Moreover, the security can be granuarly set to allow per-user control over search results. In other words, an organization can permit sensitive documents to only be located by people with sufficient security clearance. While more difficult, controlling access to indexes can also be implemented.
Trusted brand
As a market leader in both on-premises and cloud computing solutions, the Microsoft and Azure brands are typically trusted and well known. Customers don’t worry about incompatibility issues as much for systems that have all been developed by a leader in software development and sales. Microsoft also provides partner and in-house resources worldwide that can provide customer support in local languages and time zones.
User reviews
Review site | Rating |
Gartner Peer Insights | 4.3 out of 5 |
TrustRadius | 8 out of 10 |
G2 | 3.9 out of 5 |
PeerSpot | 3.5 out of 5 |
Pricing
The pricing for Microsoft’s Azure Cognitive Search depends upon several factors:
- The Azure region in which it is hosted
- The hourly or monthly commitment
- The level of service needed
The service level defines the storage, number of indexes, scale-out limits, image extraction limits, and custom lookup limits.

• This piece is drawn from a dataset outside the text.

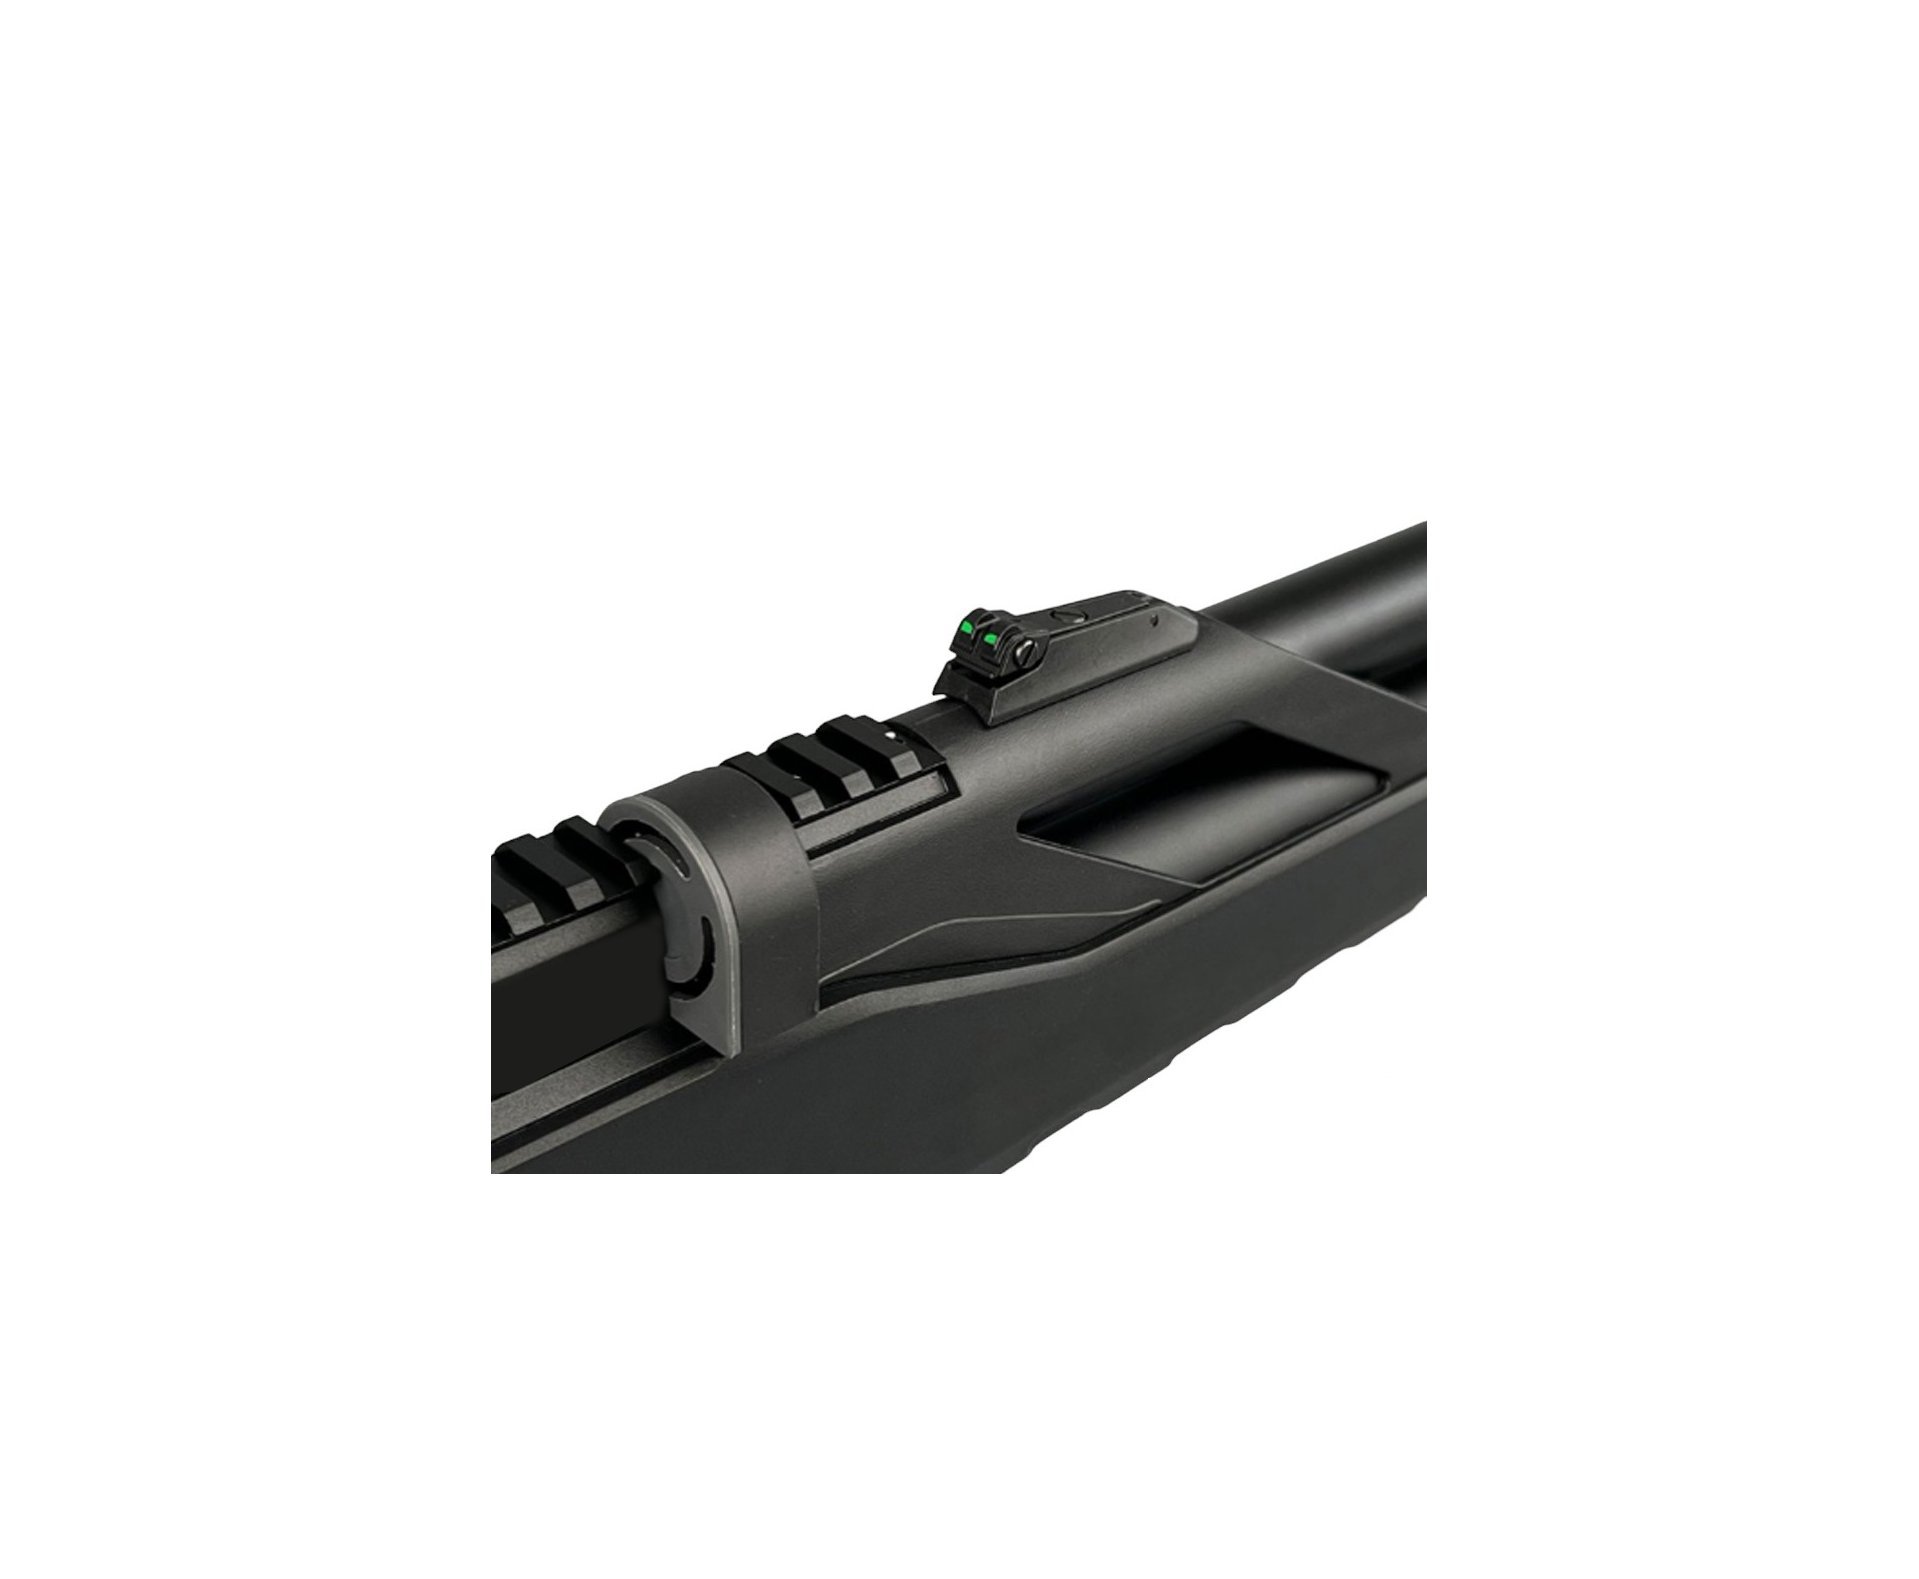 Carabina de Pressão PCP Artemis T-REX 4.5mm com Válvula Reguladora - Fixxar + Compressor

For example, in the central U.S., the pricing ranges between the Free tier and the most expensive tier of $7.677 per hour or $5,604.21 per month. The lowest paid level is $73.73 per month or $0.101 per hour.
The pricing does not vary significantly for hosting in much of the world, but government and Japanese prices tend to be slightly higher. For example, U.S. government for the state of Arizona pricing ranges between free and $9.597 per hour or $7,005.263 per month.
Custom extraction, AI-powered content augmentation, and Azure bundle pricing are also available, but some of these require direct contact with Microsoft sales specialists. Microsoft provides a pricing calculator for estimates of multiple Azure products.
Conclusions
For enterprise-class search requirements, the cloud offers the cost-effective options for both scale and performance. Using an AI-powered search tool, such as Microsoft’s Azure Cognitive Search compounds the capabilities of cloud-based resources to deliver better and faster results.
Azure Cognitive Search should be on any organization’s evaluation list strictly for the powerful technical capabilities, but the other capabilities and differentiated features should make evaluation of this tool a priority.
For those who remain unsure, Microsoft’s free tier also allows potential customers to test out capabilities and work out integration difficulties prior to making a commitment.